**DATA TO USE:**
▶

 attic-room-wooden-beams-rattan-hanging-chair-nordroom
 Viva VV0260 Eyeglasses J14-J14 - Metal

◀
▶

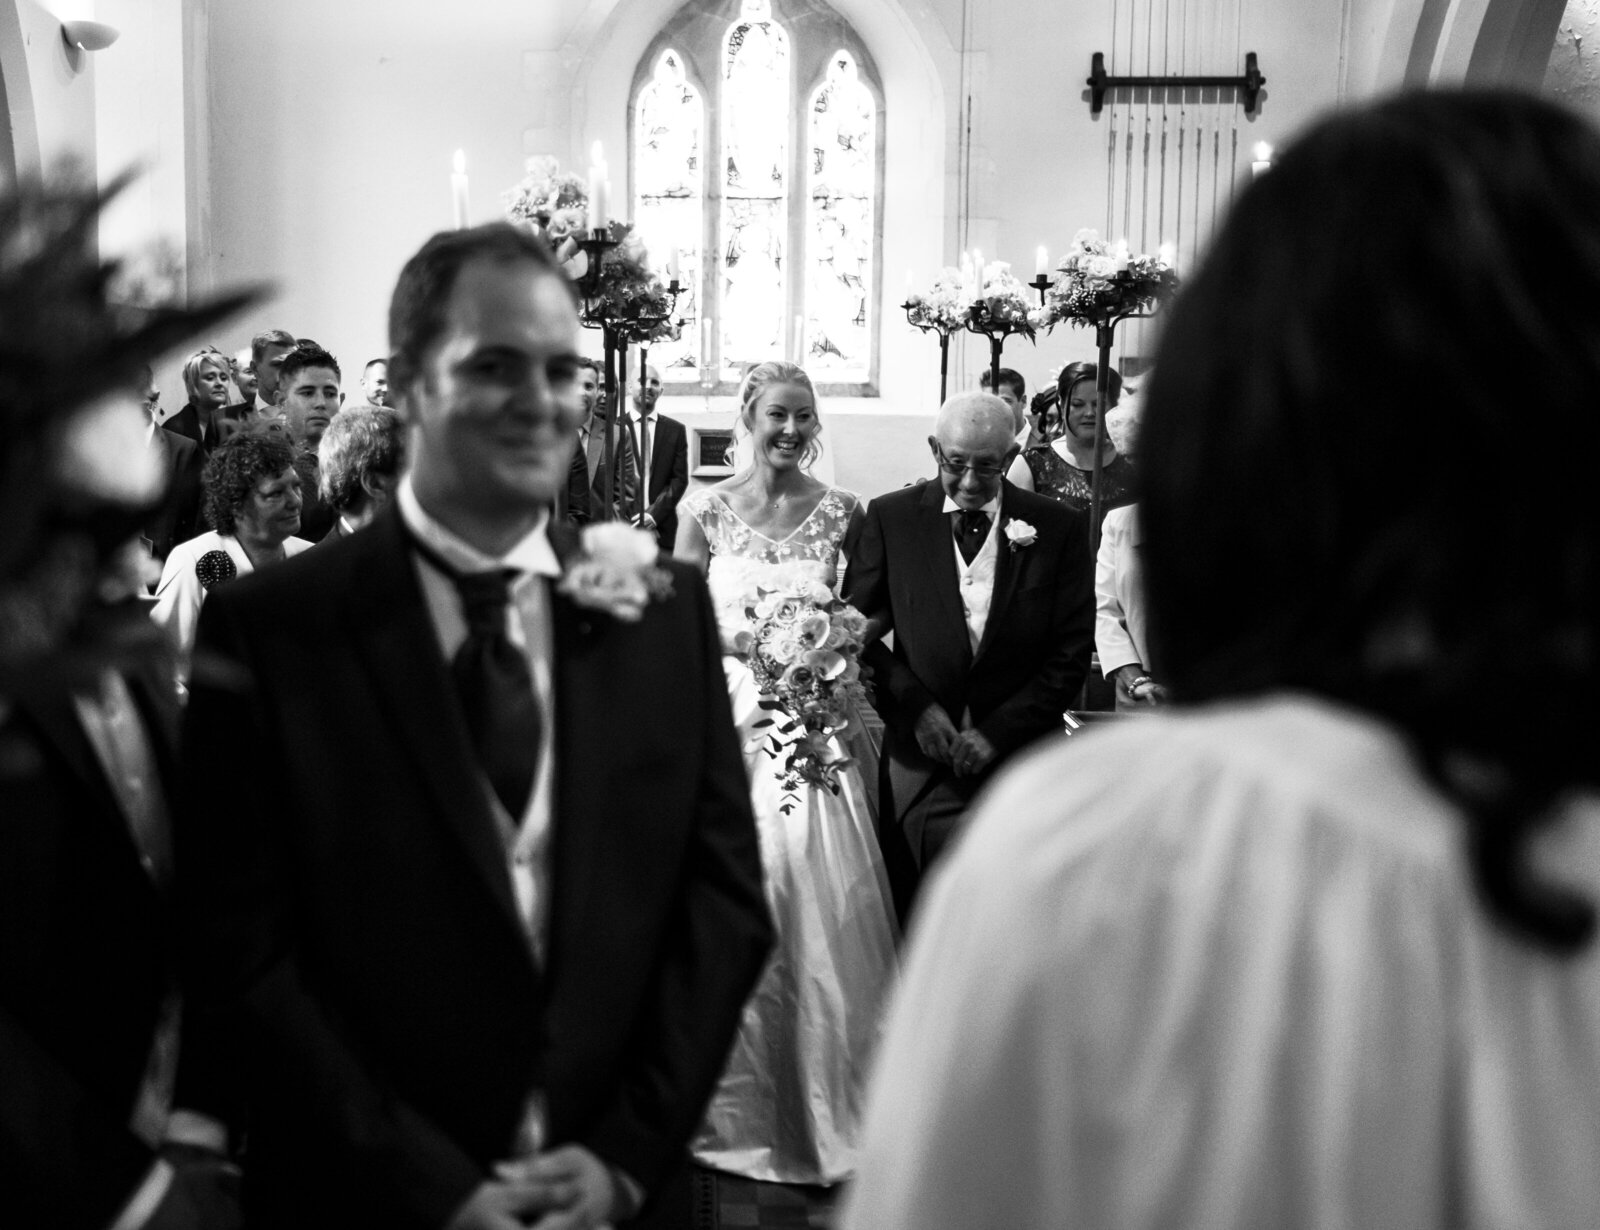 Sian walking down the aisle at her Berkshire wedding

◀

**WORK TO COMPLETE:** All lines in the listing above from the line containing "attic-room-wooden-beams-rattan-hanging-chair-nordroom" to the line containing "Viva VV0260 Eyeglasses J14-J14 - Metal", inclusive, should be retyped exactly; no other lines should appear.

**RESULT FOR THIS TASK:**
 attic-room-wooden-beams-rattan-hanging-chair-nordroom
 Viva VV0260 Eyeglasses J14-J14 - Metal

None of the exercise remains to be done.